After pushing out a big release, a client complained that they were getting random auth errors. At the same time, our monitor intermittently started flagging the service.

It was a weird one. The code changes look fine and the symptoms made no sense - the failures kind of looked like we weren't reading request information, even though it was being sent properly by the client.

The team added some logging, pushed to prod, and we took a look together. The logs lined up with what I smelled from the failures - for some reason, even though the request looked okay, occasionally the parameters were empty in the logs. Huh.

Random. Intermittent. Occasional. If that sounds like your bug, one thing's for sure - buddy, you got a concurrency problem.

---

On the one hand, these problems are notoriously difficult to debug since reproducing the problem isn't straightforward. On the other hand, there's a large swathe that boils down to the same cause - something getting shared unsafely across threads.

It's really valuable to develop that intuition for this class of problems because otherwise, they're very difficult to discern. You can spend all day poking around in your IDEA, but if you're not thinking about threads, you'll never come close to even triggering the problem, let alone resolving it.

So, again - when you see random behaviour, you should think about concurrency problems. And if you're thinking about threading problems, a big one to consider is sharing something across threads.

---

I skimmed through the release diff. The code looked fine, but knowing the common cause - something shared across threads - I had a pretty good instinct for what kind of change I was digging for.

I noticed a pretty straightforward change - some refactoring had moved a request handler up to an instance variable.
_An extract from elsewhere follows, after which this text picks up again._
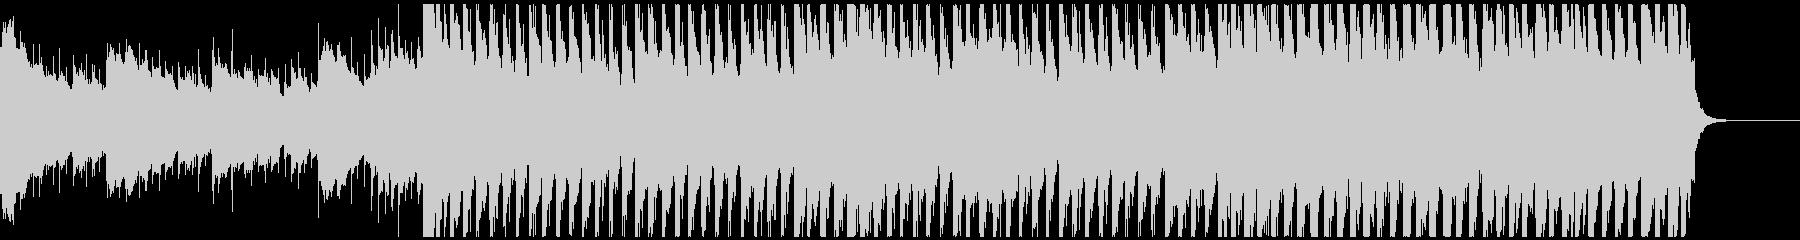 60秒版企業VP徐々に立ち上がっていく曲の未再生の波形
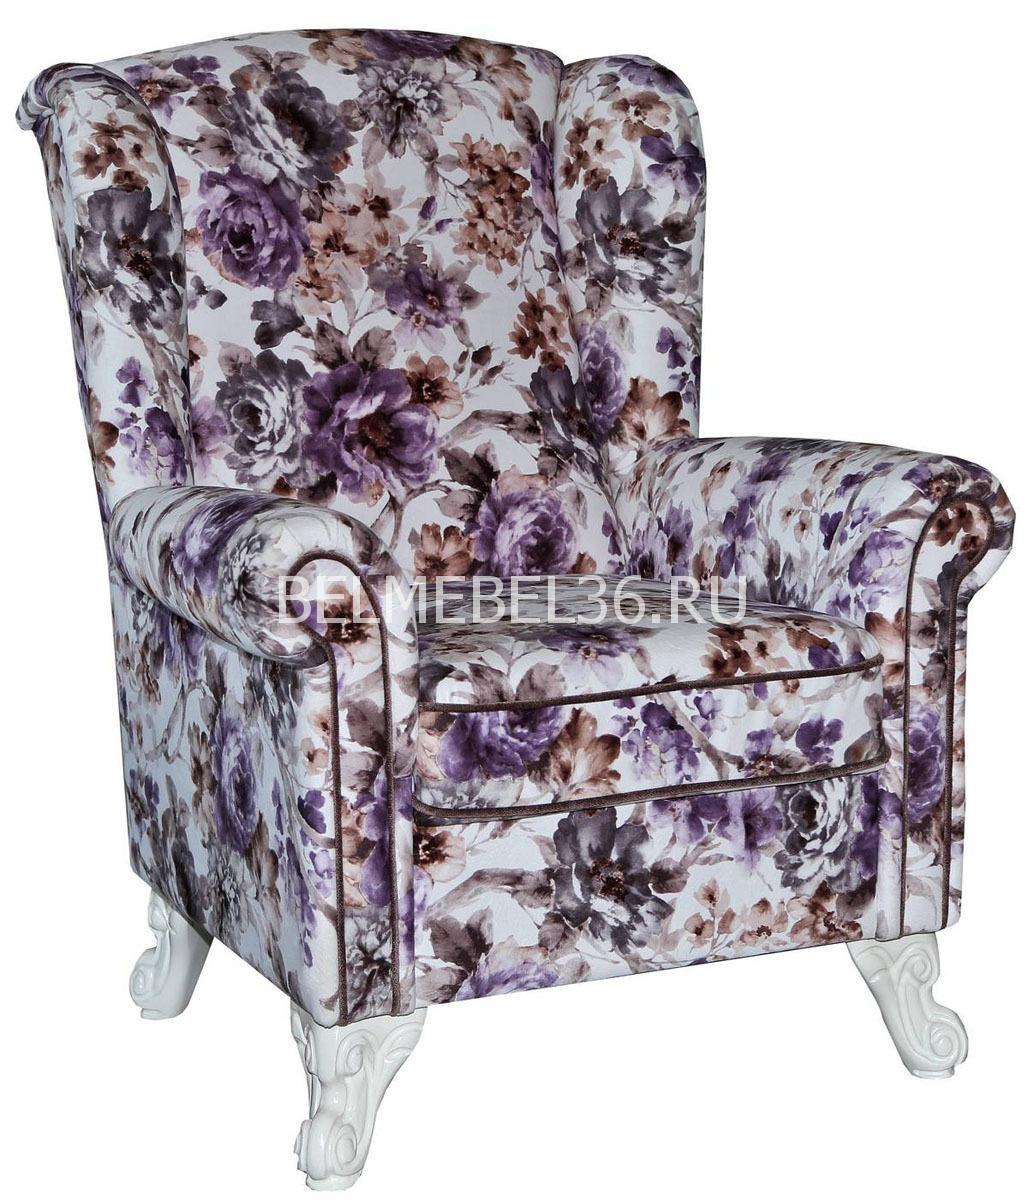 Кресло Николь (12) П-Д025 | Белорусская мебель в Воронеже

In effect, changing from something like:

@Controller
public class MyController {
    @Get("/api")
    public String response(HttpServletRequest request) {
        Builder builder = new Builder();
        builder.setRequest(request);
        return builder.build();
    }
}

to:

@Controller
public class MyController {
    Builder builder = new Builder();
    
    @Get("/api")
    public String response(HttpServletRequest request) {
        builder.setRequest(request);
        return builder.build();
    }
}

See the difference? The singleton MyController now uses the same stateful Builder for all requests.

I blasted a bunch of parallel requests at the server and reproduced the empty parameter issue. Then I reverted the change and repeated the experiment - suddenly, no parameter problems. Bingo!

I don't know exactly how this produced the weird behaviour - why were the request parameters empty? Probably the stateful request parsing getting mucked up across threads. Dunno, I'm no mathemagician.

The point is though, it doesn't matter how - debugging a problem like this, it can be enough to recognize what a concurrency bug looks like and what's likely to cause it. If there's a potential threading problem, pretty good odds it needs to be fixed.

---

The team made the simple change to remove the instance variables. We all crossed our fingers, said our prayers to Brian Goetz, and pushed to prod. Success! No more random auth failures and the monitors gave the all clear.

Concurrency bugs are hard, but you don't need to be a genius to fix them. Recognize when the problem involves random, inconsistent behaviour and take a look for any shared, mutable state. Easy peasy, right?